# need hay storage ideas and pics



## singinggoatgirl (Apr 13, 2016)

I'd like to store more hay so i can get through winter, but I don't know how to store it. I live in a very humid environment. I'm also a very visual learner, so pictures of your hay storage would be appreciated. Cheap/red-neck/jerry-rigged storage area pics perfectly acceptable.


----------



## Goats Rock (Jun 20, 2011)

I can tell you what not to do! Don't store directly on the ground, use pallets with wide gaps between the slats. (For air flow) don't enclose completely with tarps, or let the tarps touch the hay. (Condensation will cause hay molding). 

How many bales are you planning on getting?


----------



## singinggoatgirl (Apr 13, 2016)

100 bales would get me through the winter.


----------



## singinggoatgirl (Apr 13, 2016)

Don’t enclose completely... so those tarp carport things would be a bad idea? Or do you just leave a flap open?

Edited for autocorrect issues...


----------



## toth boer goats (Jul 20, 2008)

Pallets to set them on works well, keeps the hay off the ground and allows air flow.


----------



## Goats Rock (Jun 20, 2011)

I was talking about those tarps Walmart sells. The portable garages would probably work, especially if you have airflow.


----------



## Trollmor (Aug 19, 2011)

Yes, air all around, especially if the weather is humid. It can mould anyway ... In older times farmers used to salt the hay to prevent mould.


----------



## NigerianDwarfOwner707 (May 17, 2018)




----------



## TexasGoatMan (Jul 4, 2015)

Singinggoatgirl, If you decide to use the portable carport, why not close both sides and the back. Then place 4X4 post on the ground and lay 1X4 runners across the 4X4s and spaced them a few inches apart to allow for air circulation and stack as high as possible. I think you can get 100 bales under a regualr carport if you do it that way.


----------



## Calistar (Jan 16, 2017)

I have one of those carports. The tarp ones that Harbor Freight sells. I put pallets down and put my hay on that. When the weather is nice, I leave the front flap unzipped (but not open because rolling it up is a pain!) 

The one I have is not durable at all. The frame bent on the second night because there was a mild rainstorm and the flimsy anchors it came with pulled out. And a year later, the tarp has worn through several places at the top, and is now getting holes/tears in the side, too. I put a second tarp over the top, so it's still usable, but definitely not durable. It also doesn't hold as much as I thought it would, but I'm sure I'm not utilizing the space well. I only have hay stacked along one side, so I can get through with a hand truck to load and unload, and I only stack 2 or 3 bales high because that's all I can manage.

That said, it sure beats my prior system (a leaky corner of a shed that only had space for 3 or 4 bales.) I also haven't had any problems with mold, but I'm in California on the central coast, so it's pretty hot and dry here.


----------



## Trollmor (Aug 19, 2011)

NigerianDwarfOwner707 said:


> View attachment 152291
> View attachment 152293


Looks very nice and dry! An old farmer taught me to store such bales on the side, with the cuts upwards.


----------



## NigerianDwarfOwner707 (May 17, 2018)

Trollmor said:


> Looks very nice and dry! An old farmer taught me to store such bales on the side, with the cuts upwards.


Super dry, pretty happy with the storage.

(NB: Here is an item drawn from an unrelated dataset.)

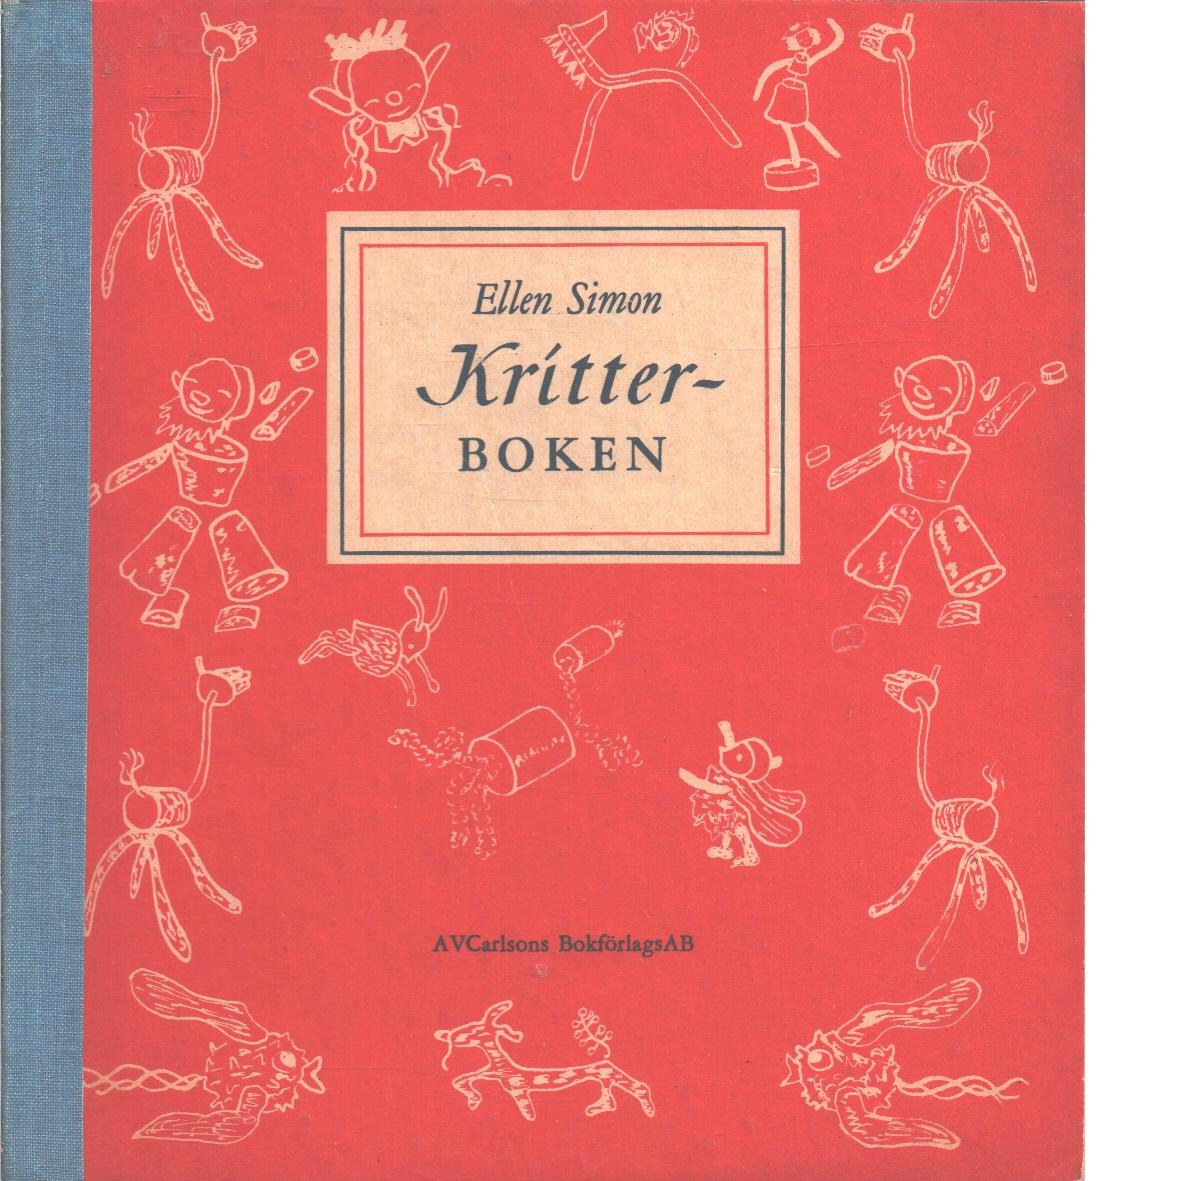 Kritter-boken - Simon, Ellen

Interesting, I wonder why.


----------



## Goat_Scout (Mar 23, 2017)

I just have mine in the barn piled on top of pallets. Never had the hay get moldy.


----------



## Trollmor (Aug 19, 2011)

NigerianDwarfOwner707 said:


> Super dry, pretty happy with the storage. Interesting, I wonder why.


It has something to do with the drying. After all, hay is a biologically active product, not fully dry when packed.


----------



## Goatzrule (Feb 7, 2013)

We use an old horse trailer. Id try to avoid storing it in the barn as hay can catch fire very quickly.


----------



## Treva Brodt (Jan 11, 2019)

We use a corner of the addition to the garage. I like to call this structure the barage because it's open on the front for truck and tractor but the back side is hay storage and a kidding pen/sick bay. Our hay is on pallets AND we have pallets on the walls where the hay is so that it doesn't touch the bare walls. Our barage is metal siding to match the garage so we just nailed the pallets to the studs. I have noticed where we just have a gravel floor that moisture comes up through the ground in places so we couldn't do without the flooring.


----------



## 15WildTurkey (Apr 13, 2015)

Can I live in your barn??


NigerianDwarfOwner707 said:


> View attachment 152291
> View attachment 152293


----------



## Dwarf Dad (Aug 27, 2017)

15WildTurkey said:


> Can I live in your barn??


Ain't it the truth!


----------



## Tab Carloni (Jan 28, 2019)

I use the carport and it has done well this Canadian winter. Only thing, like other’s mentioned make sure to place on top of planks or a wood skid...I used a tarp on the floor and my last bales on the bottom got wet and mouldy...so make sure elevated off the floor so it does not touch! Glad I read this so I know to leave zips open when it is nice out!


----------



## singinggoatgirl (Apr 13, 2016)

Thanks, Everyone!


----------



## NigerianDwarfOwner707 (May 17, 2018)

15WildTurkey said:


> Can I live in your barn??


Hey, it's insulated!


----------



## NigerianDwarfOwner707 (May 17, 2018)

It’s not like I’ve never thought of camping out in the loft!


----------



## bigz48877 (Oct 18, 2016)




----------



## Trollmor (Aug 19, 2011)

Beautiful! But, if 15 wild turkeys move in, where do the goats go?


----------



## Karl scott (Mar 28, 2019)

singinggoatgirl said:


> I'd like to store more hay so i can get through winter, but I don't know how to store it. I live in a very humid environment. I'm also a very visual learner, so pictures of your hay storage would be appreciated. Cheap/red-neck/jerry-rigged storage area pics perfectly acceptable.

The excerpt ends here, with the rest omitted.